Triomf is raunchy, it’s very urban, the people are frankly trashy, they are the left-behinds of apartheid. They were the voting fodder. They feel disenfranchised, well, they’re not exactly disenfranchised, people are still competing for their votes, but by and large that’s all they are really good for. It’s a very urban novel with a very deliberately unelevated idiom—it’s very crude, extremely crude.
And then came Agaat, which is a farm novel. The family, the people are what I suppose can be regarded as a kind of Afrikaner aristocracy. They are people who went to university, they are landowners.

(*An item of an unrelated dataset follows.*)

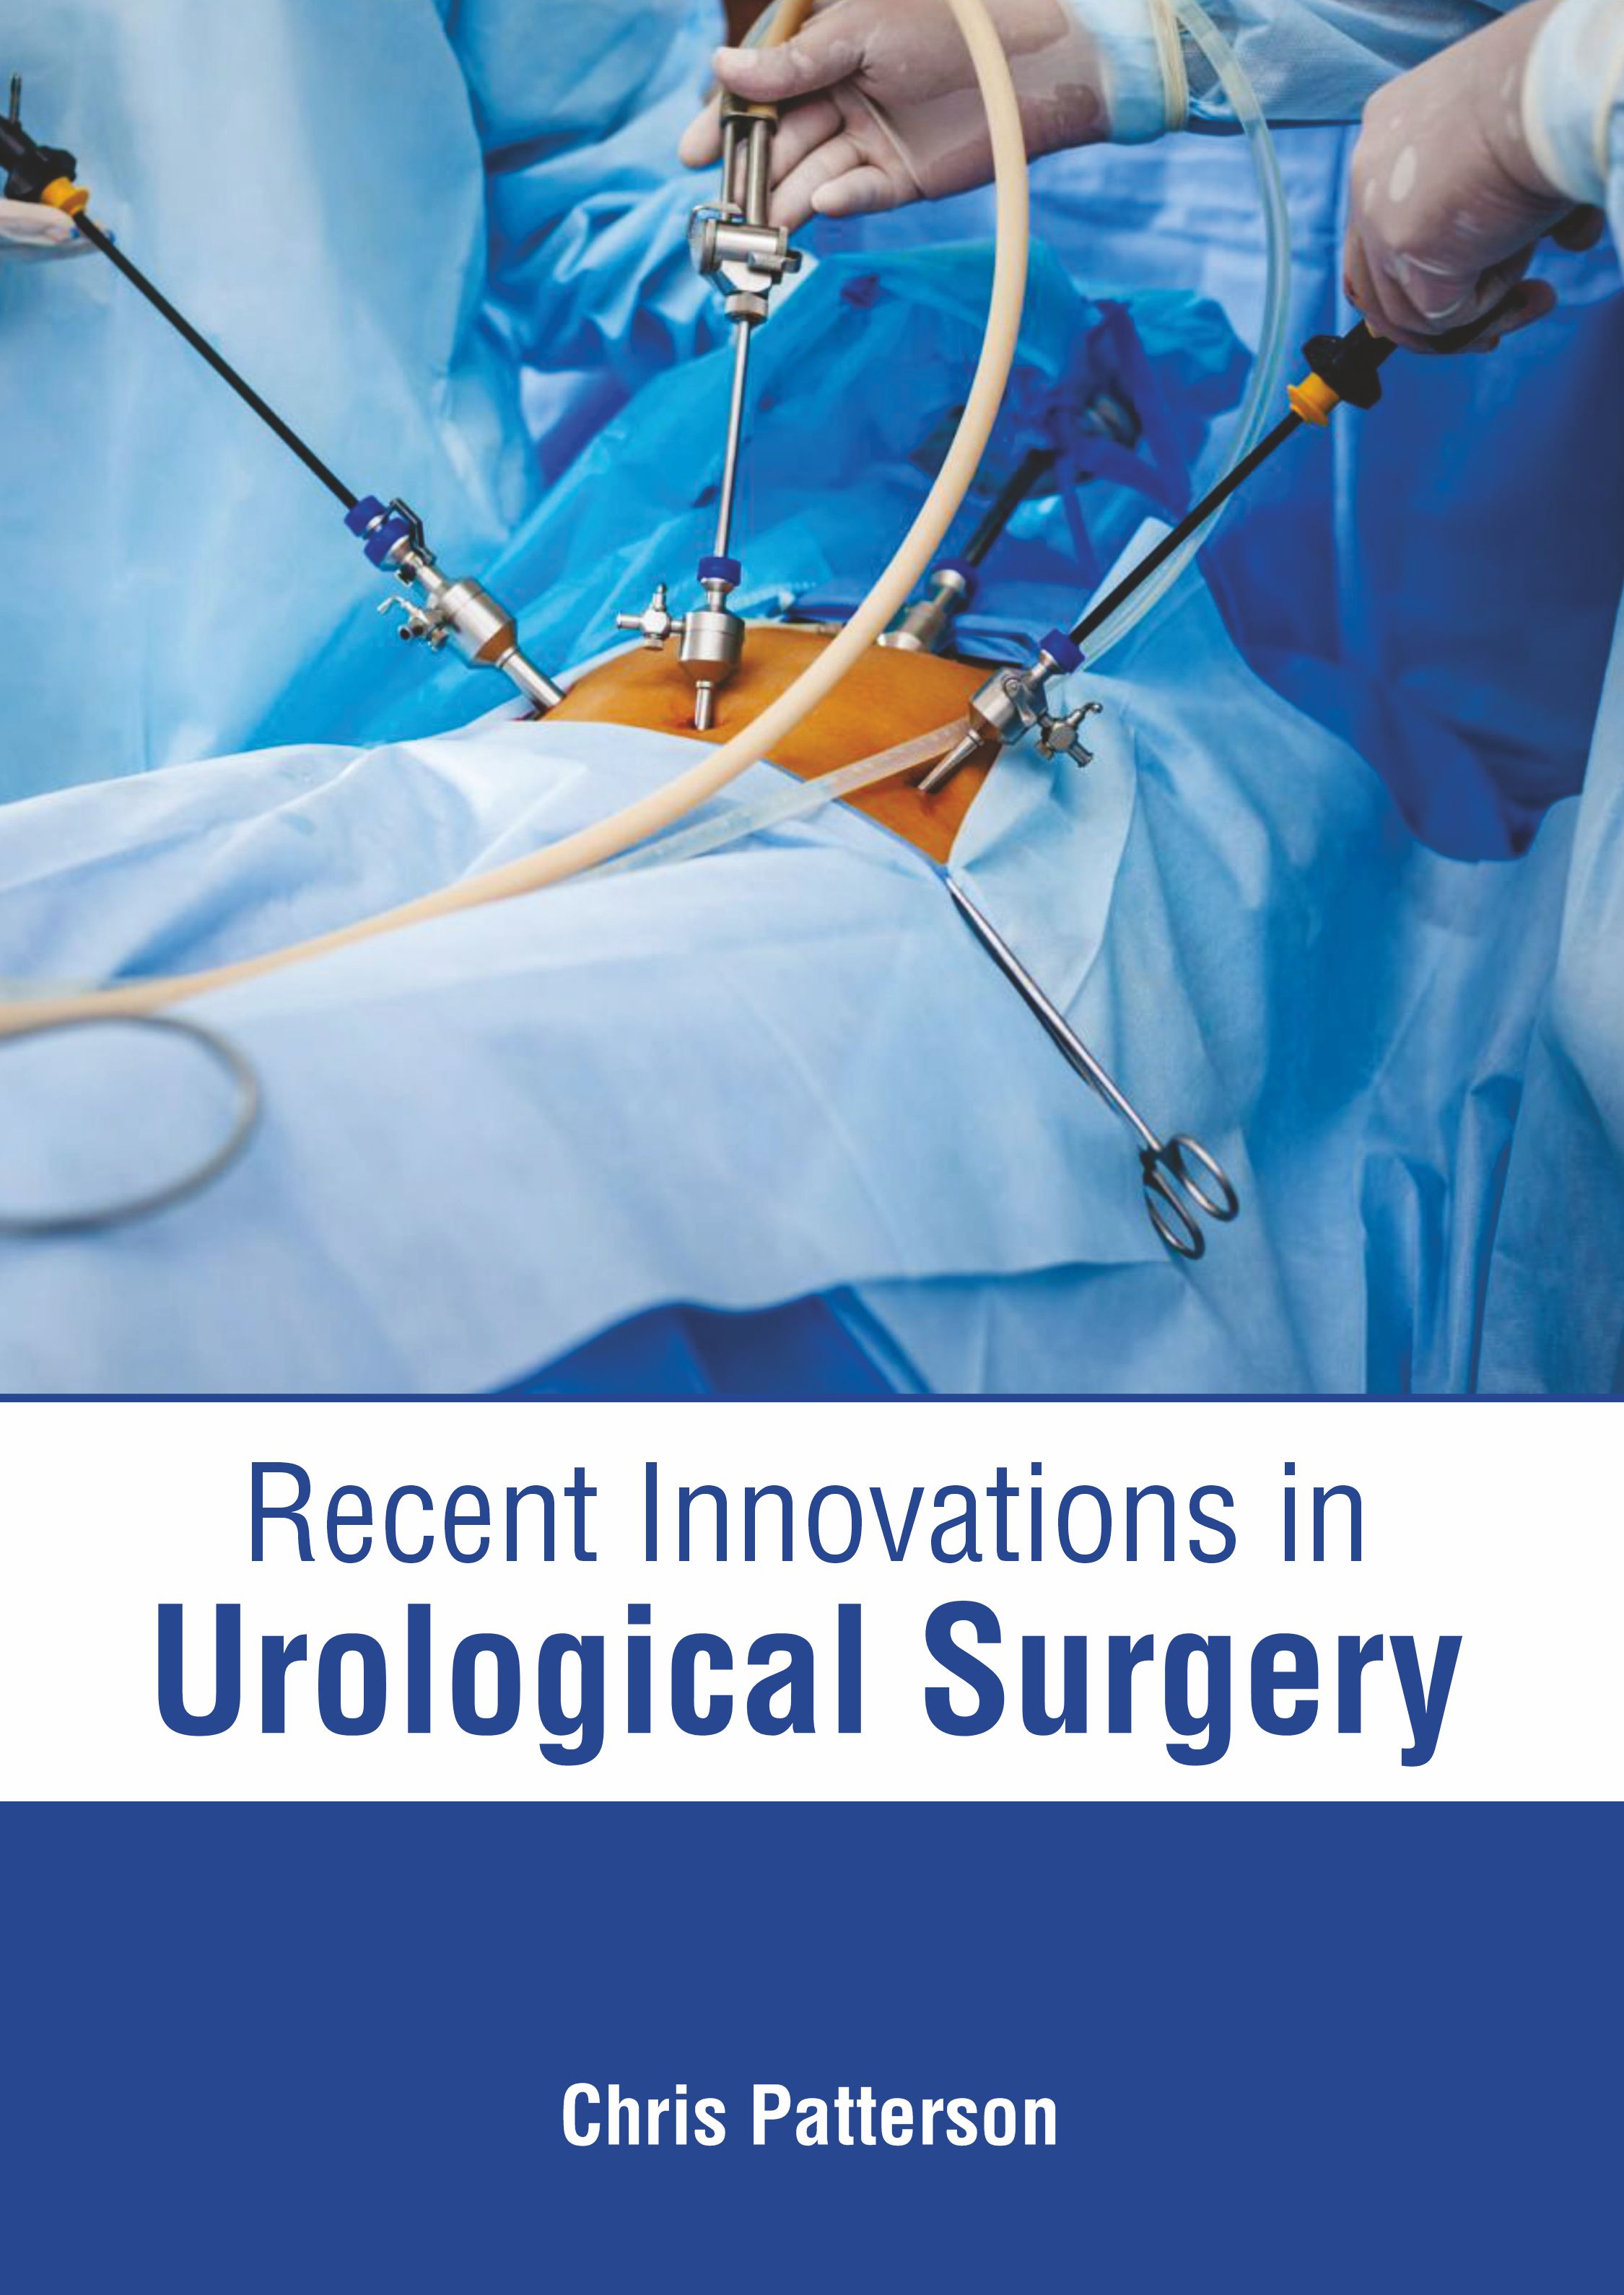 RECENT INNOVATIONS IN UROLOGICAL SURGERY- ISBN: 9781639274970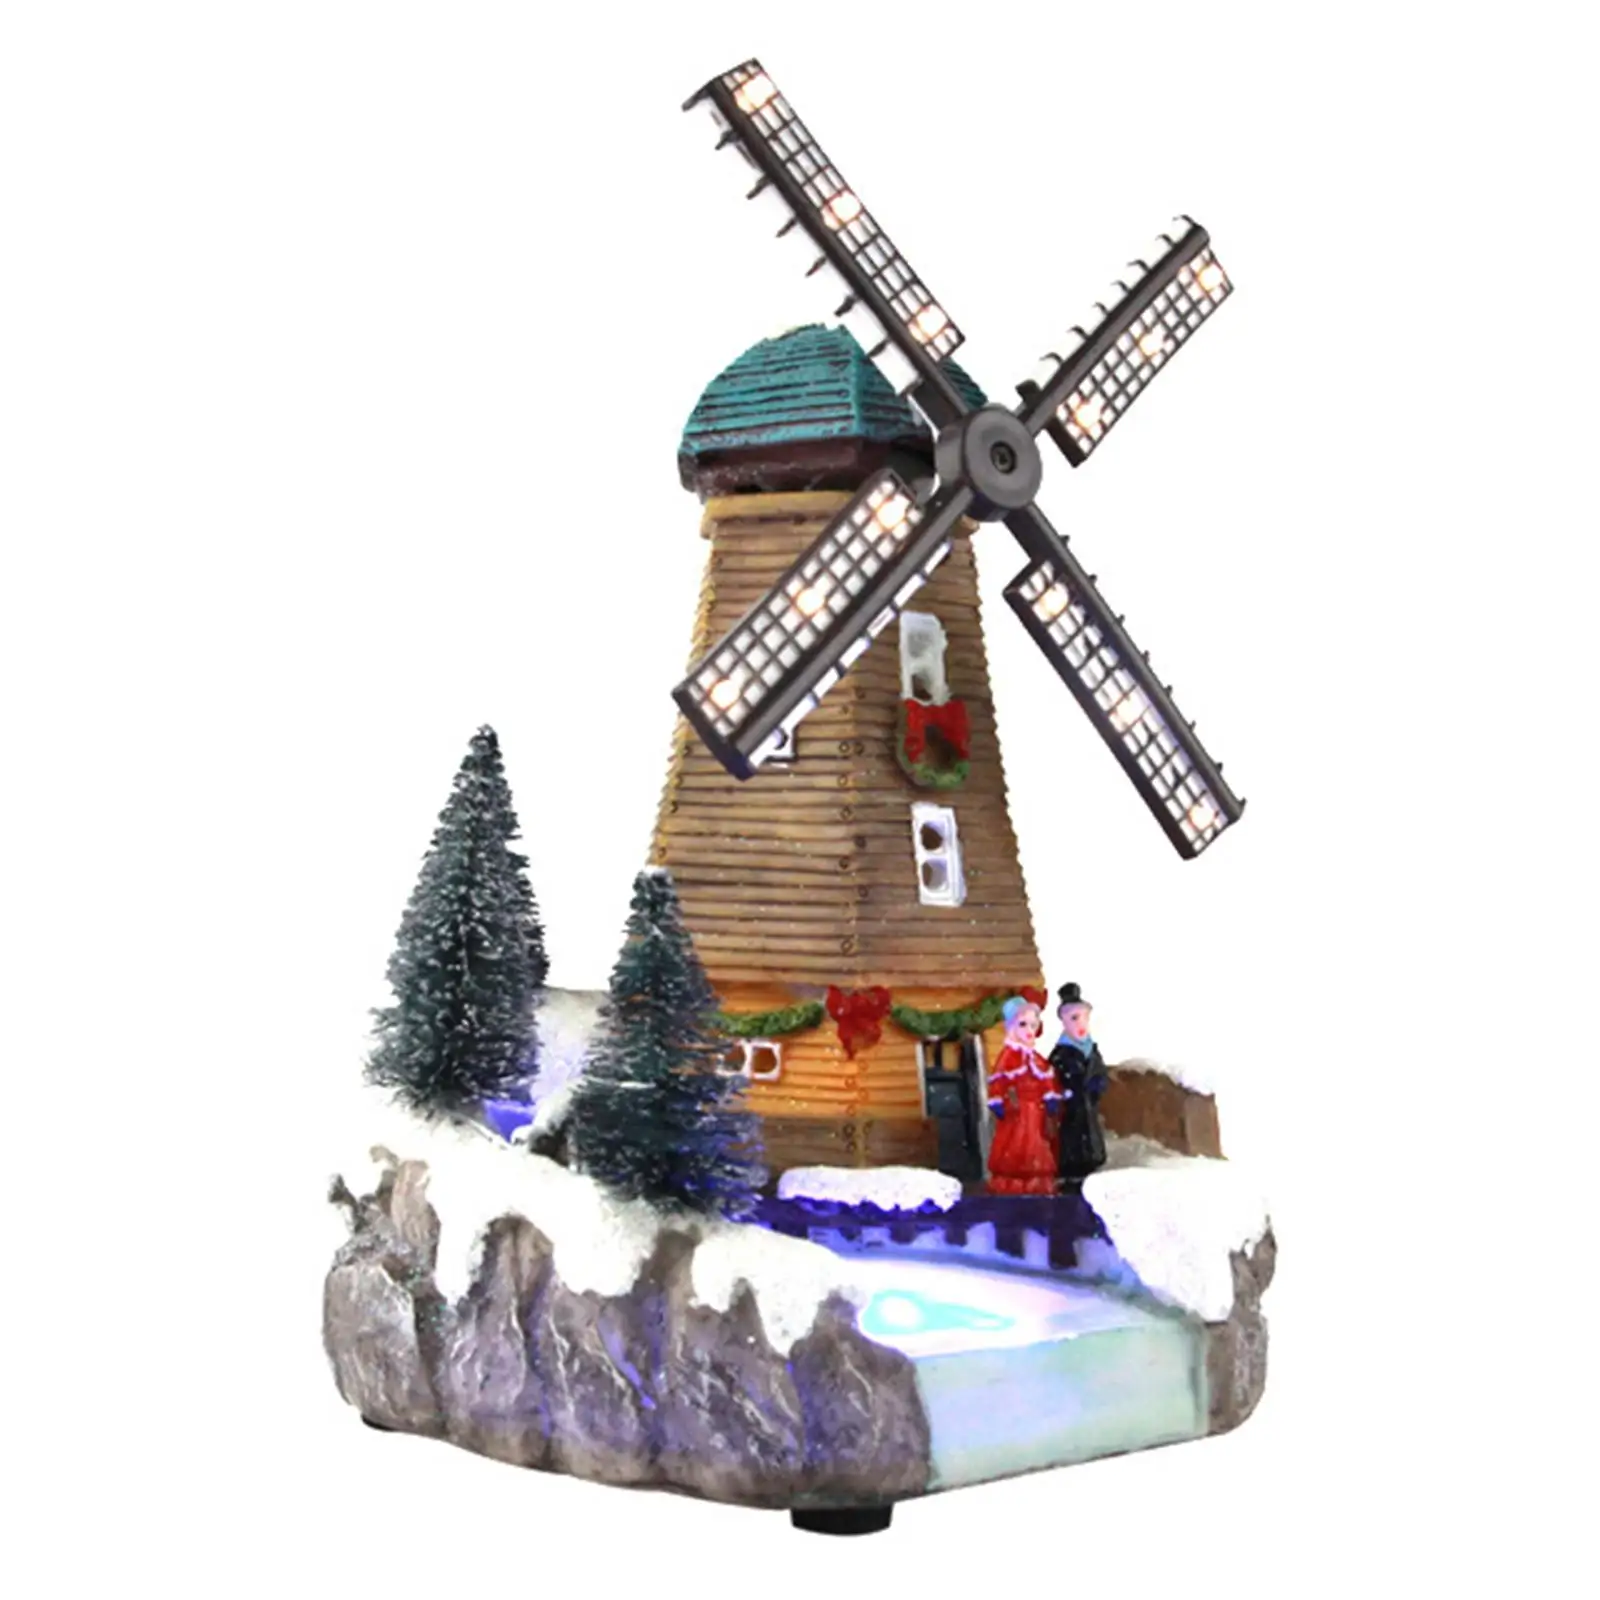 LED Lighted Christmas Village Windmill Crafts Resin Musical Box Building Sculpture for Office Living Room Desk Bedroom Fireplace

Milla, the main character, is a fifth-generation, I think it’s fifth-generation, owner of this farm—a farm that’s been passed down through the female line—called Grootmoedersdrift. Grandmother’s Drift, Grandmother’s Crossing. And so she certainly feels, and her mother feels, that they are a kind of aristocracy. And what Marlene is plugging into here is a very strong tradition of the farm novel in Afrikaans, a tradition that goes back to C. M. van den Heever, who wrote these very grueling stories called Droogte which is “Drought” and Laat vrugte which is “Late Fruit”—stories that are very much rooted in the naked earth, and tend to be about very strong, dour, survivors.
Anyway, Marlene is subverting [this tradition] because the story of Agaat is what is happening now in a new dispensation. Milla is still in charge. Her son has left the farm in disgust, really, of the political system, he is not interested in inheriting the farm. Milla’s husband has become a bit of a cipher. He is a very traditional sort of male chauvinist pig, but he is, in fact, emasculated, really, by Milla’s power and Milla uses her sexuality . . .
Then of course there is Agaat, who is the girl—”a little colored,” as they would have been called in South Africa—whom Milla takes into the house. Milla finds this little girl on her mother’s farm, absolutely destitute, desperately ill, with a misshapen little arm. And Milla takes pity on the child, takes the child into the house, raises her, and teaches her to speak. Agaat can hardly speak when she comes into the house [a fact that echoes Milla's later loss of speech].
And by and large, Milla imagines that she is performing an act of great mercy and charity.
But Marlene is, in Agaat, as in Triomf, very interested in questions of power and, of course, I think she sees Milla’s taking up of Agaat as an exercise of power, as a manipulation.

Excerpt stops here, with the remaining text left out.